Keeping our own buck is our current situation. At first, I swore we would never keep our own males because of that terrible smell. I couldn’t imagine living with it any longer than necessary. But, I learned that the best biosecurity system meant keeping bucks of our own. I also discovered that outside of the fall rutting season, they aren’t that stinky and ours have good temperaments. We have also been able to keep the males and females separate when not wanting to breed them, which I’d worried about.

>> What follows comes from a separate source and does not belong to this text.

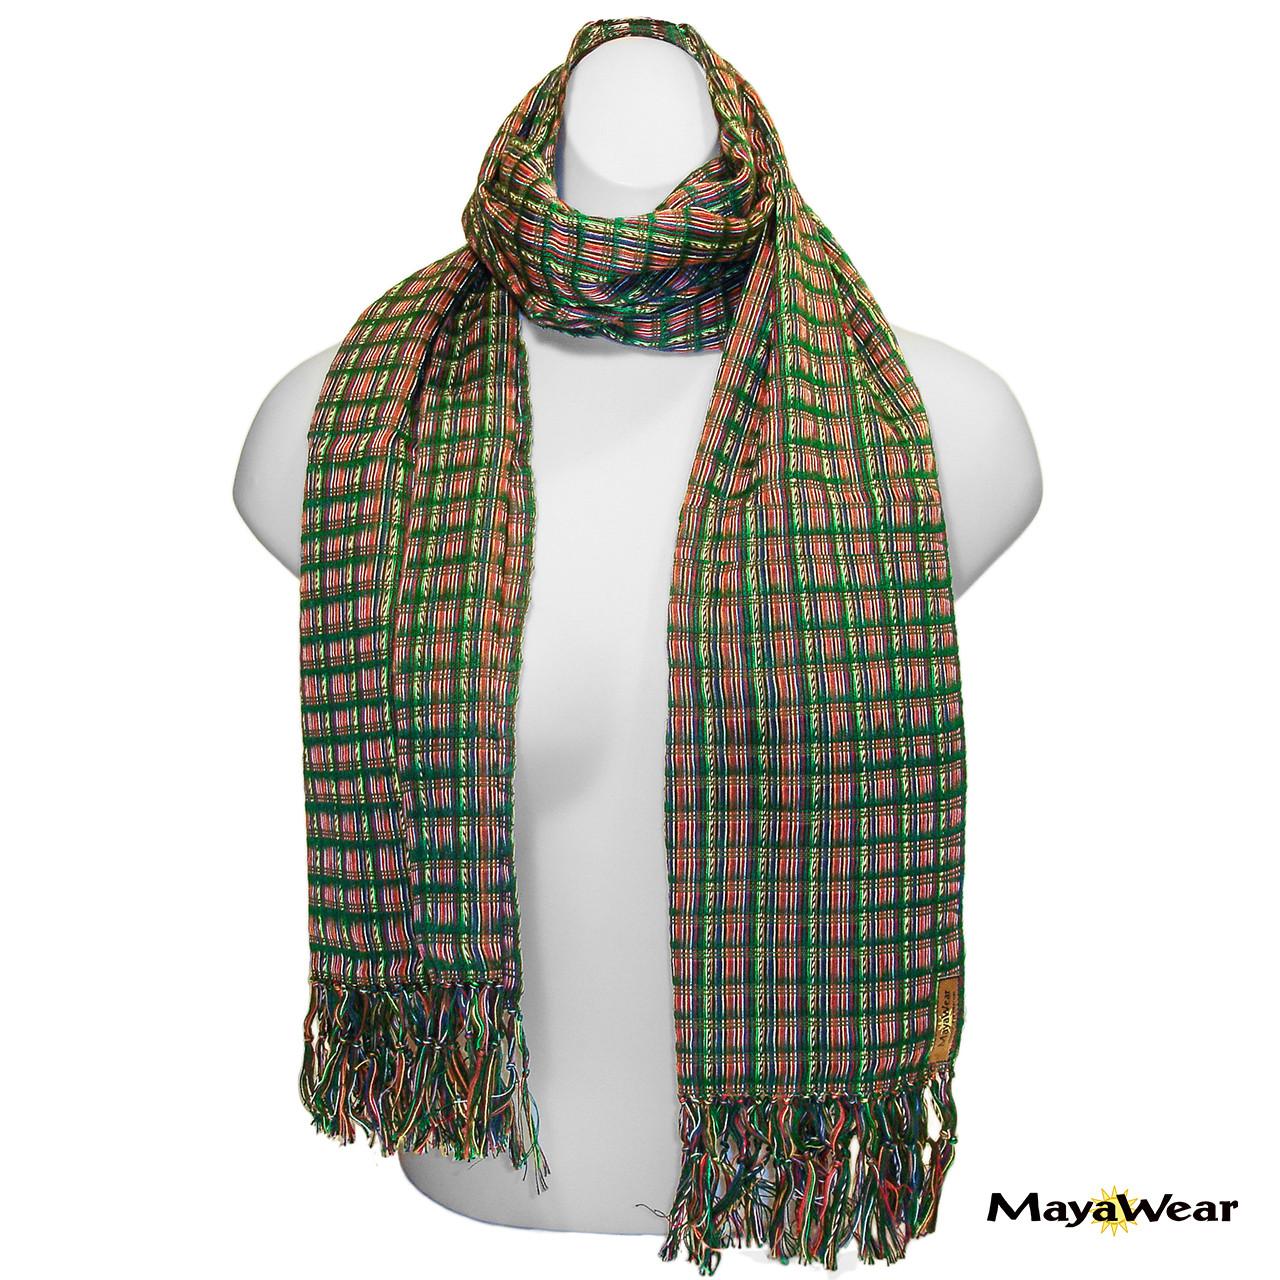 "SSRF134 - ""Springtime"" Scarf w/Fringe. 100% Cotton. Made in Guatemala. https://www.mayawear.com"

Even with our own bucks, we have not always gotten it right. Year one went smoothly, with Pan impregnating Cocoa and Juniper right on schedule. Pan is Lily’s son, Honey’s grandson, so the next year we needed to bring in a new male for breeding. That’s where our current guy, Marley, comes in. He was a late summer
birth, so during last year’s breeding season he was still very small and not very bucky. Honey and Lily lived with him for a full month and never let him near them. I believe if they could have talked their horrified looks would have been accompanied by the question “what do you think we are, cradle-robbers?!” I knew that it hadn’t worked. I gave up and took them out on January 1st, not wanting kids later than June 1 and not feeling like anything was going to change soon anyway.
By this fall, he was in his full, urine-soaked glory and they began their efforts to reach him every few weeks. The first tries I just let them in with him for a few hours, hoping my timing was impeccable so he didn’t have time to really cover them with pee. I am milking them after all. However, they both came back into heat, so they are currently living with him for the month.
Did It Work?
How do I know when this has worked? It isn’t easy to be 100% sure until close to the end of a pregnancy, but if they stop going into heat, that’s a great sign. Goats do not
ever look particularly pregnant. A goat’s girth changes dramatically throughout every day as she packs herself with food, then digests. People regularly ask me if they are pregnant after they’ve had a good meal. The kids are pretty small compared to some of their breakfasts. In the last few weeks of a pregnancy, they do tend to look even wider, especially the experienced moms who have, shall we say, lost their girlish figures.
There are some technical options to confirm a pregnancy, none of which I’ve used. An ultrasound machine works but is expensive. There are blood and urine tests available now, but collecting blood or urine isn’t something I would look forward to. So far I’ve been able to tell well enough just by observing.
Good notes taken during the fall then helps determine the possible birthing dates. I stick around watching and listening as much as possible at those times (yes, we set up a baby monitor we can listen to in the house). My estimates are usually close so I have been there for most births.
Because those births in the spring are what all this fuss is about!